The second of our series on screen portrayals of Pontius Pilate is Richard Boone in the film The Robe (1953). ( The portrayal of Pilate by Rod Steiger in Jesus of Nazareth (1977), the first in our series, is reviewed here.) Descended from a younger brother of Daniel Boone, Boone, a Navy veteran of the Pacific during World War ii, studied acting on the GI bill. Boone assayed the role of Pilate only three years into his career, but he already had the three traits that made him stand out as an actor: a commanding presence, a deep gravelly voice and an ability to suggest that a character he is portraying is not as simple as we think at first glance. Boone went on to be a western television star in the hit show Have Gun Will Travel (1957-1963) in which he played Paladin, a West Point graduate who fought for truth and justice in the old West, as long as his $1,000.00 fee was paid. Boone portrayed Paladin as a well-educated man who would often draw upon his knowledge of history to win the day. It was the favorite show of a very small Donald McClarey and no doubt helped inspire a love of history in me. Here is the Paladin theme song which could be sung by almost all schoolboys in the early Sixties:
Alright, that is quite enough Memory Lane! Back to the task at hand. Below is the video clip of Boone as Pilate.

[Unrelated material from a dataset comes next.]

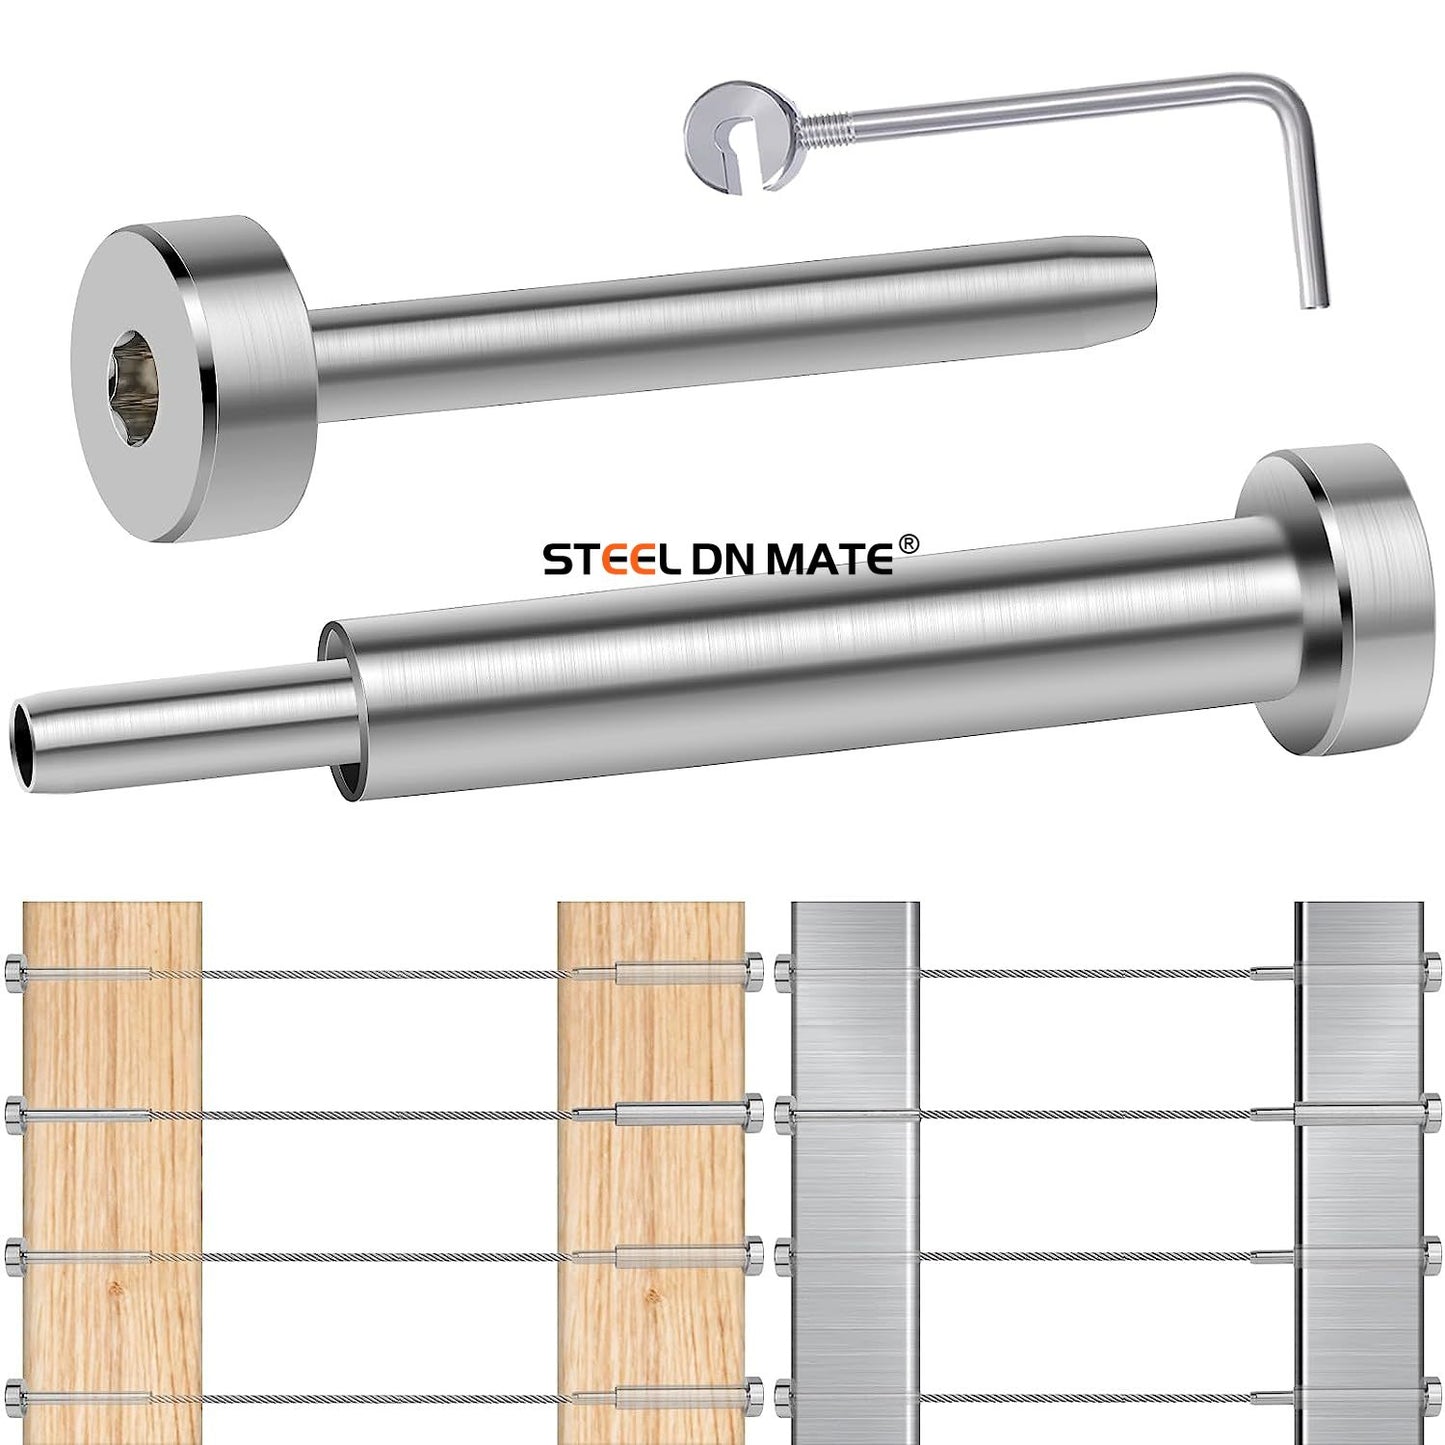 Steel DN Mate 1/8" Cable Railing kit Invisible, 20 Pairs Turnbuckle Kit T316 Stainless Steel Cable Railing Hardware, for Deck Stair Wood & Metal Post Cable Railing System DB20

We see Pilate washing his hands. Tribune Gallio, portrayed by Richard Burton, has been ordered to report to Pilate. Gallio is being summoned back to Rome. However, Pilate has one task for him to perform before he leaves. A routine assignment, the execution of three criminals. One of them is a fanatic, who has a following and Gallio is told by Pilate to bring enough men to deal with trouble. Pilate gives these orders in a clipped military style, wasting not a syllable.
Then, the unexpected happens. Pilate confesses, almost talking to himself, that he had a miserable night, bedeviled by factions and no one agreeing with anyone, with even his wife having an opinion. (“Have nothing to do with that innocent man, because in a dream last night, I suffered much on account of him.”). Pilate then shakes off his reverie, and wishes Gallio good luck. He then asks a slave to bring water to wash his hands, and is reminded that he has just washed his hands.
It is a small gem of a performance. Boone portrays Pilate as a no nonsense military man who is beginning to be haunted by what he has just done in sentencing Jesus. It is a minimalist performance that conveys much in a very brief scene.